Right now, apachesolr_commentsearch does its indexing at the node level, causing all comments in a node to be reindexed if one has been added or changed. For large quantities of comments, this is problematic, since a single comment change can cause hundreds of documents to be indexed. If more than one node changes between cron runs, the cron process can end up exceeding its time/memory limits. And regardless, the redundant updates are significant resource hogs.
My proposal: create a marking table for comments, and implement hook_cron in apachesolr_commentsearch. Existing code would still run if apachesolr_index_comments_with_node was true, but if it was false, hook_comment would mark the comment rather than the node, and hook_cron would look at this table instead.
Changes to the indexing batch process would require an additional hook in apachesolr to keep things modular, but this may not be necessary as long as the minimal number of nodes to index can be set to 1. I've been able to index a node containing more than 1200 comments without exceeding batch time limits on my dev machine.
I'll of course do this work. Just want to get some feedback before I proceed.
| Comment | File | Size | Author |
|---|---|---|---|
| #8 | apachesolr_commentsearch.zip | 17.81 KB | Andrey Zakharov |
Comments
Comment #1
Scott Reynolds commentedInteresting problem. The only comment I would have is to maybe use http://api.drupal.org/api/function/hook_update_index/6 instead of hook_cron.
The only real reason in my mind is consistency ?
Comment #2
kcoop commentedIf it's consistency we're after, apachesolr_search_cron() probably should be changed too.
Comment #3
kcoop commentedLooking into this a bit, it appears the apachesolr has a mechanism (namespaces) for managing multiple node indexes in the same update table. Considering the amount of potential duplicated code, it is tempting to leverage this, but there are assumptions about nodes rather than comment ids, and going this route would create less than elegant code, so I'm rejecting it for now.
But it raises the question, should I be considering namespaces in this implementation? I'm not clear on a concrete example of how they would be used. Also, any thoughts on use cases where other modules might want to implement hooks that index by comment?
On the duplicated code question, my impulse is to limit changes to apachesolr_commentsearch where possible, so I'm avoiding refactoring in apachesolr itself, even if it leads to duplication. Should I be thinking differently?
Comment #4
kcoop commentedThinking some more about this... if we're updating individual comments, why bother batching them with cron? Why not simply talk to solr as comments are created/updated/deleted? Simpler code, smoother resource demands. Don't even need to query the comment table, since we have the comment in hand.

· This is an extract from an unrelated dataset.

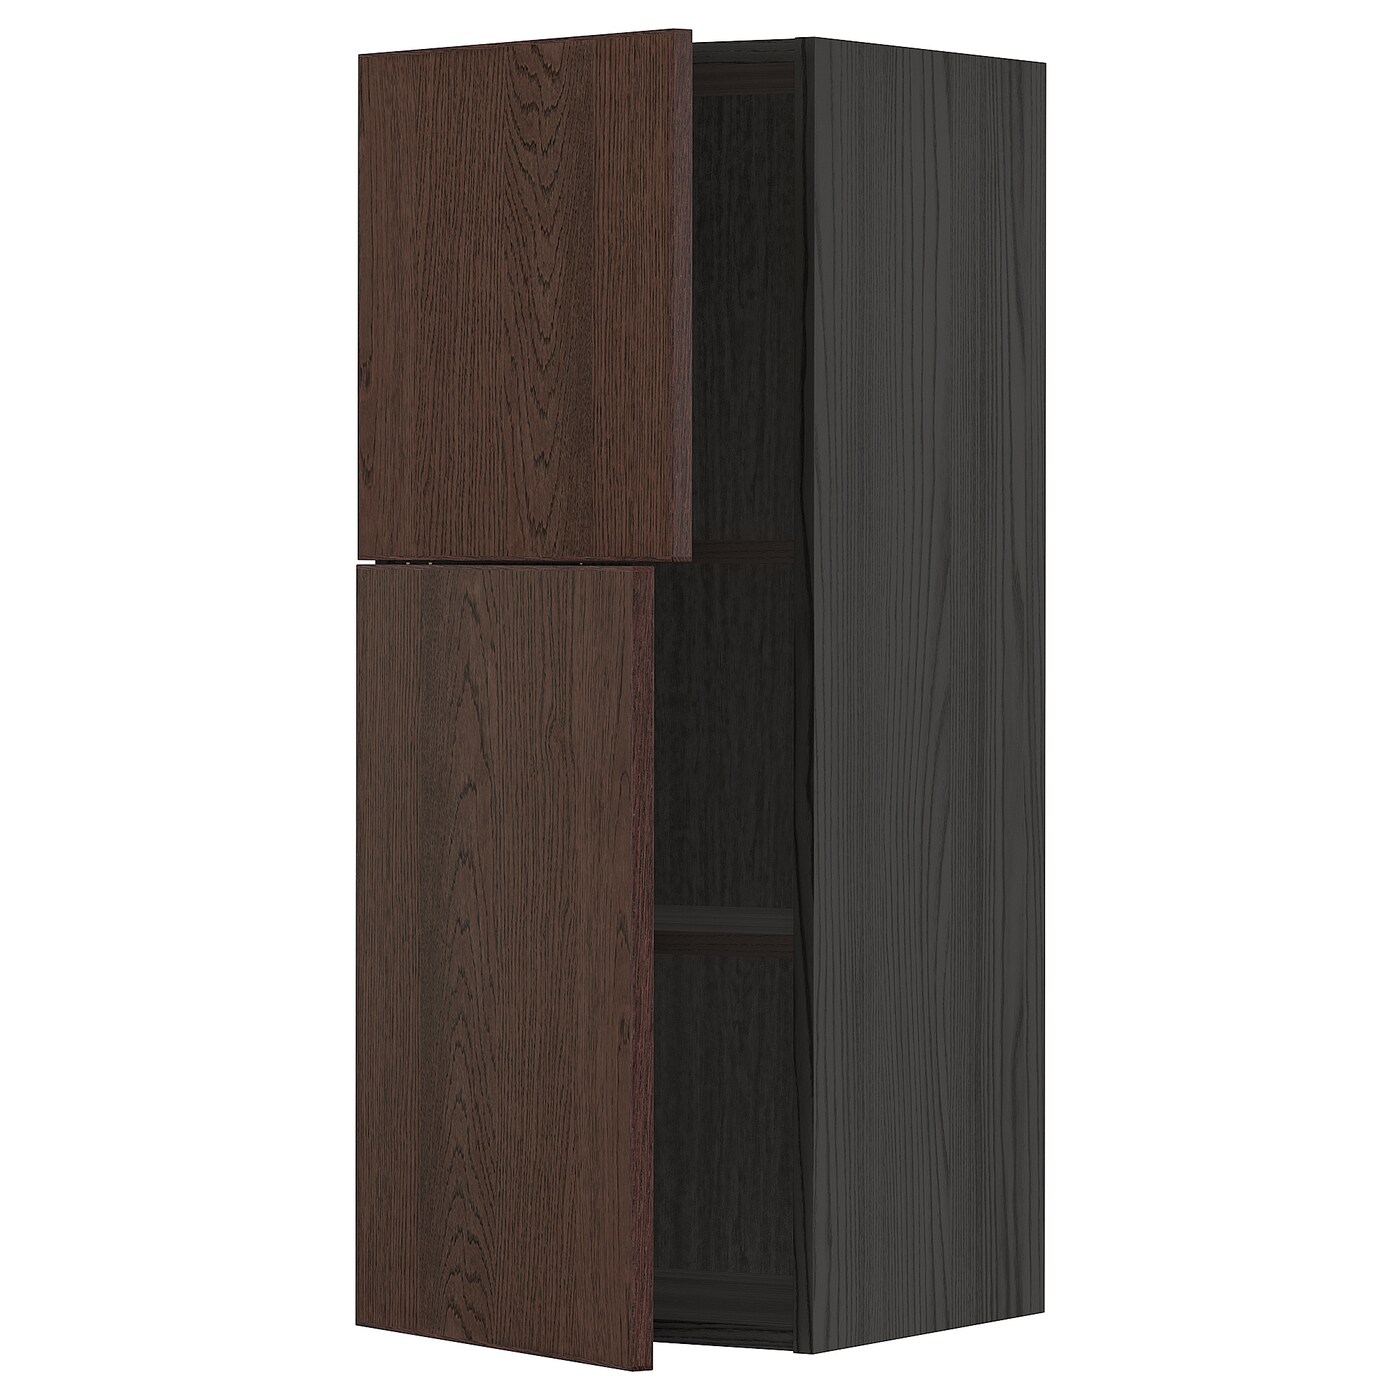 Навесной шкаф с полкой - METOD IKEA/ МЕТОД ИКЕА, 100х40 см,  черный/коричневый

EDIT: I didn't consider the overhead of connecting to solr. That's probably reason enough not to do it this way, especially if it's on a separate box. Will stick with the marking table.
Comment #5
kcoop commentedJust chattering away here...
I see that the marking table in apachesolr maintains a record for every node, even after it's been indexed. I was thinking of it more as a list of dirty entries instead of a status table. Is there a reason for tracking indexed entries? When it comes to comments, the table may get considerably larger...
Comment #6
Andrey Zakharov commentedsubscribing
Comment #7
BetaTheta commentedsubscribing
Comment #8
Andrey Zakharov commentedI'm using this module with particial comment indexing support.
It uses separate indexing table, and I do not like how it related to apachesolr module. It can be better with http://drupal.org/node/832118
Comment #9
jpmckinney commentedComment #10
nick_vhSolved by the multiple indexer patch. You can easily add your own entity callbacks for comments and modify the ones for node.